FIG. 4 is a partial cross-sectional view of a second embodiment;

FIG. 5 is an enlarged view at A of FIG. 4;

FIG. 6 is an enlarged view at B of FIG. 5;

fig. 7 is a schematic view of another distal guiding head according to the second embodiment.

In the figure: 1. an attractable stripping device; 2. a suction passage; 3. a concave ring; 4. introducing an isolator; 5. loading a sheath; 6. pushing rods of the isolator; 7. an aspirator inner tube; 8. a distal guide head; 9. a hand-held operation handle; 10. pushing a rod handle; 11. pressure regulating control holes; 12. loading a pin tube handle; 13. a hose connector; 14. an aspirator outer tube; 15. a vent hole; 16. filling the channel; 17. expanding the balloon; 18. an inflation assembly; 19. a hand-held operation body; 20. a piston cavity; 21. an inflatable sealing plug; 22. an inflatable handle; 23. and a return valve assembly.

Detailed Description

The invention provides a shapable multifunctional craniocerebral cartoon device, which provides two embodiments, wherein the two embodiments are applied to keyhole surgery of cerebral neurosurgery, and the invention is further described in detail below with reference to the accompanying drawings and examples in order to make the purposes, technical schemes and effects of the invention clearer and more definite. It should be understood that the specific embodiments described herein are for purposes of illustration only and are not intended to limit the scope of the invention.

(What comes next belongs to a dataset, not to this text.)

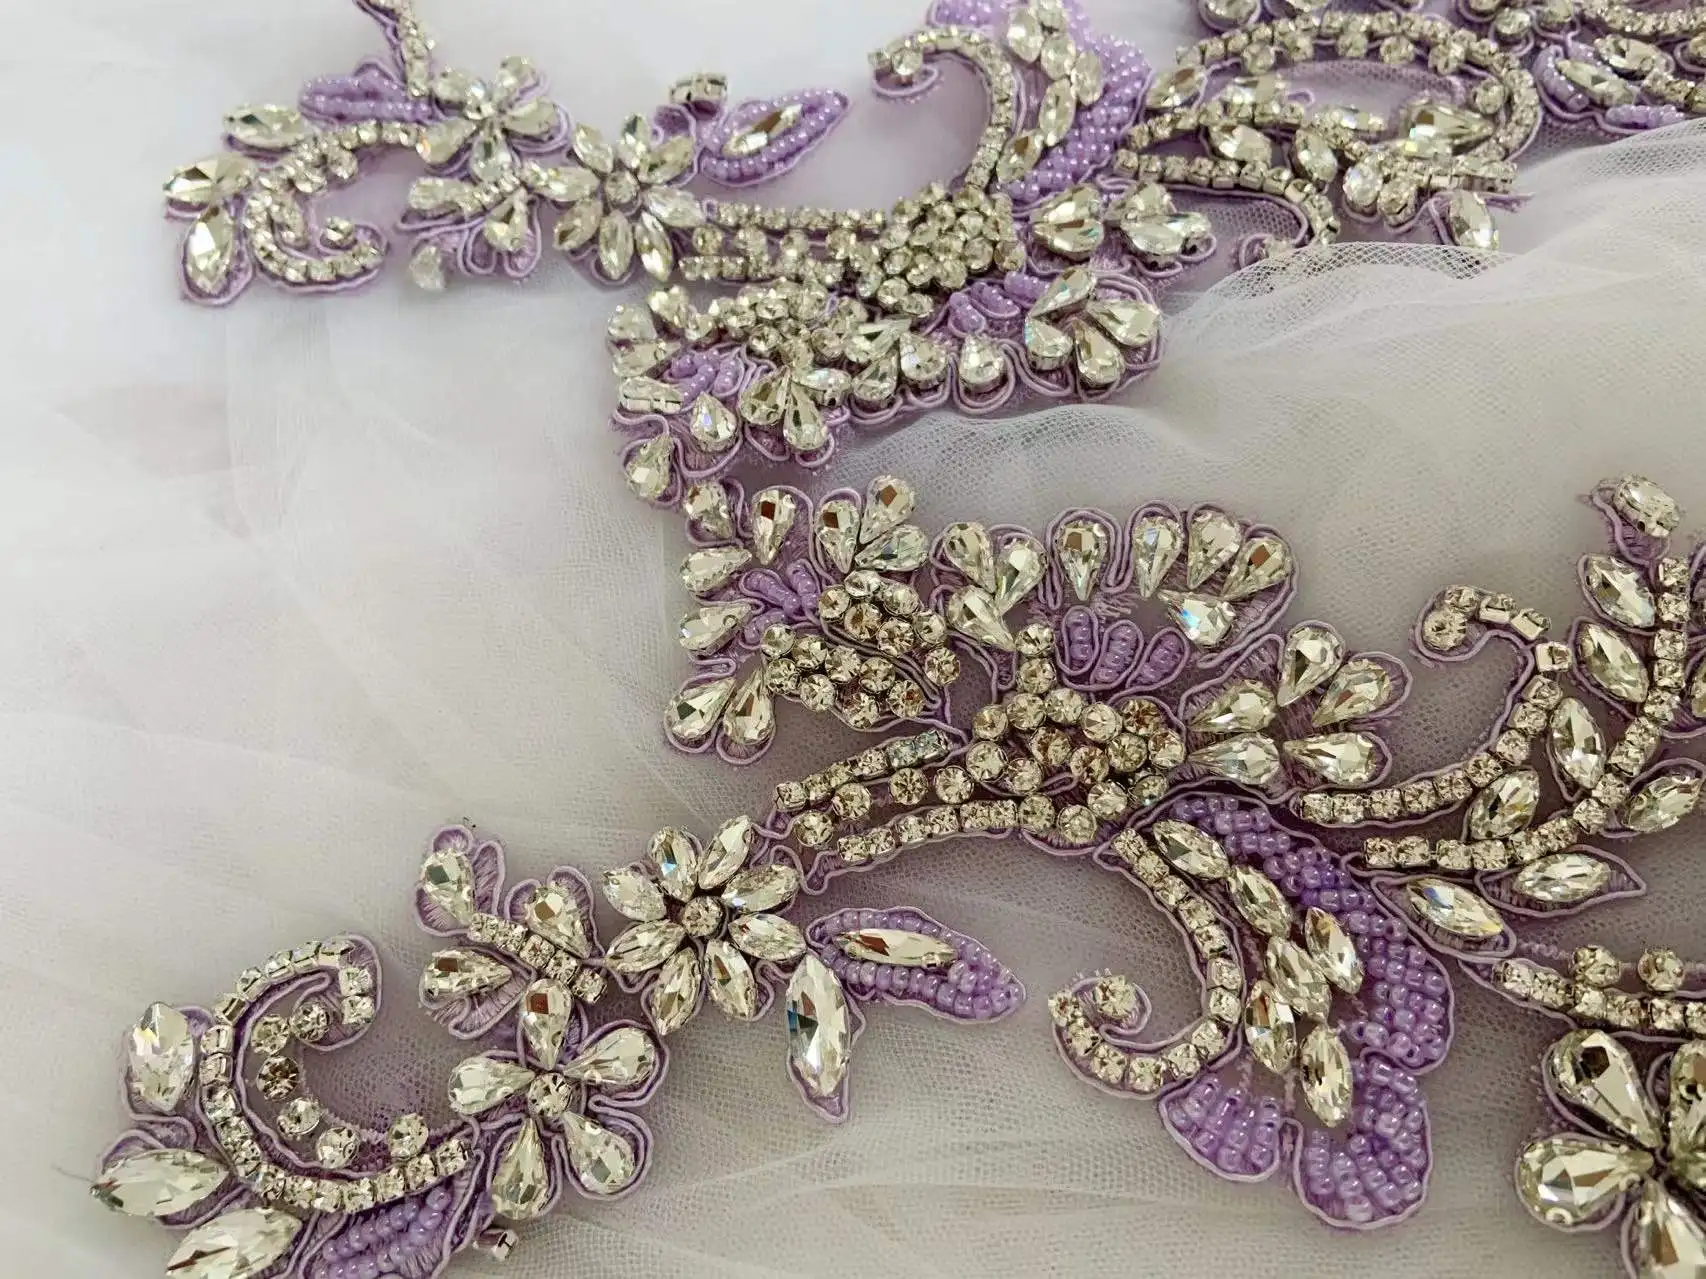 1 Pair Purple Luxury Rhinestone Applique Crystal Bodice Patch 3D Flowers Sparkle Bead for Couture,Dance Handcrafted,Bridal Decor

FIG. 1 is a schematic view of a first embodiment of a shapeable multifunctional craniocerebral ostomy appliance of the present invention; FIG. 2 is a partial cross-sectional view of the first embodiment; FIG. 3 is a schematic view of a second embodiment of a shapeable multifunctional craniocerebral ostomy appliance; FIG. 4 is a partial cross-sectional view of a second embodiment; FIG. 5 is an enlarged view at A of FIG. 4; FIG. 6 is an enlarged view at B of FIG. 5; fig. 7 is a schematic view of another distal guiding head according to the second embodiment.

Embodiment one:

as shown in fig. 1 and 2, the invention provides a shapable multifunctional craniocerebral artificial ventilation device, which comprises an attractable stripping device 1, a concave ring 3, an introduction isolator 4, a loading sheath 5 and an isolator pushing rod 6, wherein the middle of the attractable stripping device 1 is provided with an attraction channel 2, the concave ring 3 is arranged on the pipe wall of the attractable stripping device 1, the introduction isolator 4 is sleeved on the concave ring 3, the loading sheath 5 is sleeved on the pipe wall of the attractable stripping device 1 and constrains the introduction isolator 4 in the concave ring 3, the isolator pushing rod 6 is sleeved on the concave ring 3 and inserted in the loading sheath 5, the distal end of the isolator pushing rod abuts against the tail end of the introduction isolator 4, and the introduction isolator 4 is a device which is constrained to deform and unconstrained to restore to expand to a preset shape.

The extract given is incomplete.